А тем временем на Красной площади традиционно шел торг – пришли первые обозы с селедкой нового улова. Рыба была свеженькая и дешевая, и разбирали ее бойко. И вокруг в торговых рядах ни на минуту не умолкали крики торговцев, наперебой расхваливающих свой товар.
– Мед! Липовый! Разнотравный! Мед, кому мед! С далеких гор, мед редкостный и целебный!

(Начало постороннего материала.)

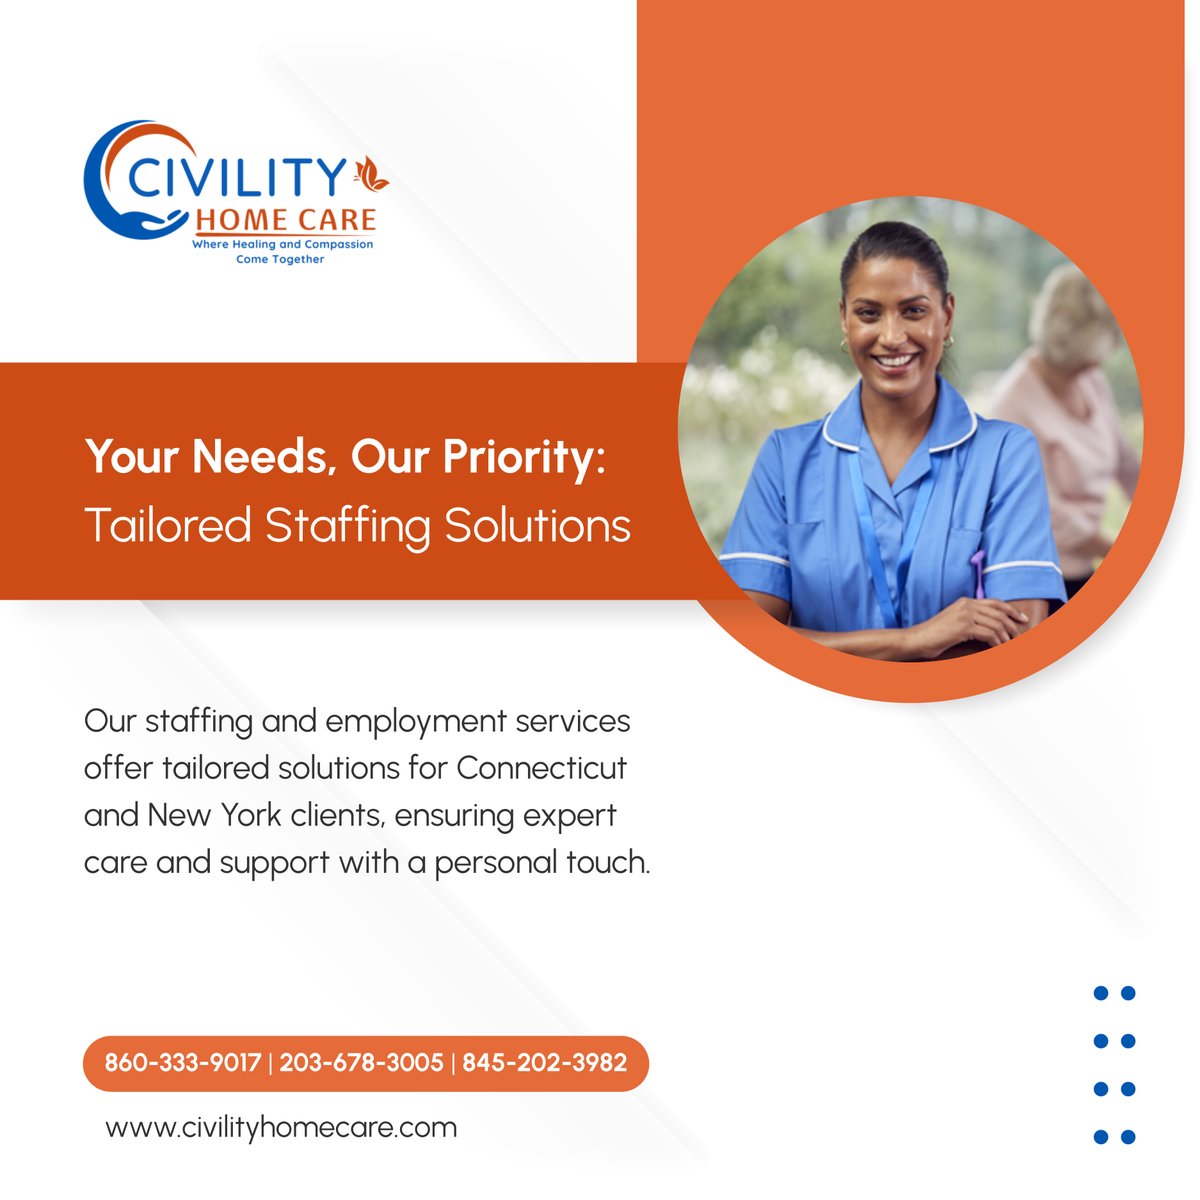 Discover how our staffing solutions can provide expert care and support tailored to your specific needs, empowering you to live life to the fullest. 

#NewingtonCT #HomeCareAndMedicalSupplies #StaffingServices #EmploymentSolutions #ExpertCare

– Абрикосы заморские сушеные! Сладкие! Прозрачные, извольте убедиться!
– Пенька!
– Деготь березовый!
Продавец рыбы вразнос стоял возле оптовой лавки с опустошенным в очередной раз лотком, собираясь загрузиться новой партией. Он покашливал, прочищая горло, готовясь звонко кричать: «Рыбица! Селедки!» Внезапно в небесах потемнело, и в соседнем мануфактурном ряду купец Сорокин, торговавший праздничными кафтанами и иноземными восточными платьями, завопил:
– Ироды на небе!
Поднявши головы кверху, все увидели зависший над площадью огромный предмет, похожий на тыкву, только увеличенную в тысячи раз. А на боку у нее был чудовищный рисунок – трехглавый орел. Людей на площади охватила паника. Многие купцы стали лихорадочно убирать товар. Но местный вор Валерка Иванов, спившийся книжник, неоднократно битый не только за кражи, но и за огульные слова, и неуважение к государю и боярам, успел под шумок схватить узорчатый пояс, свиток со сказанием о московских собирателях редкостей и две горсти квашеной капусты, засунув всё это за пазуху.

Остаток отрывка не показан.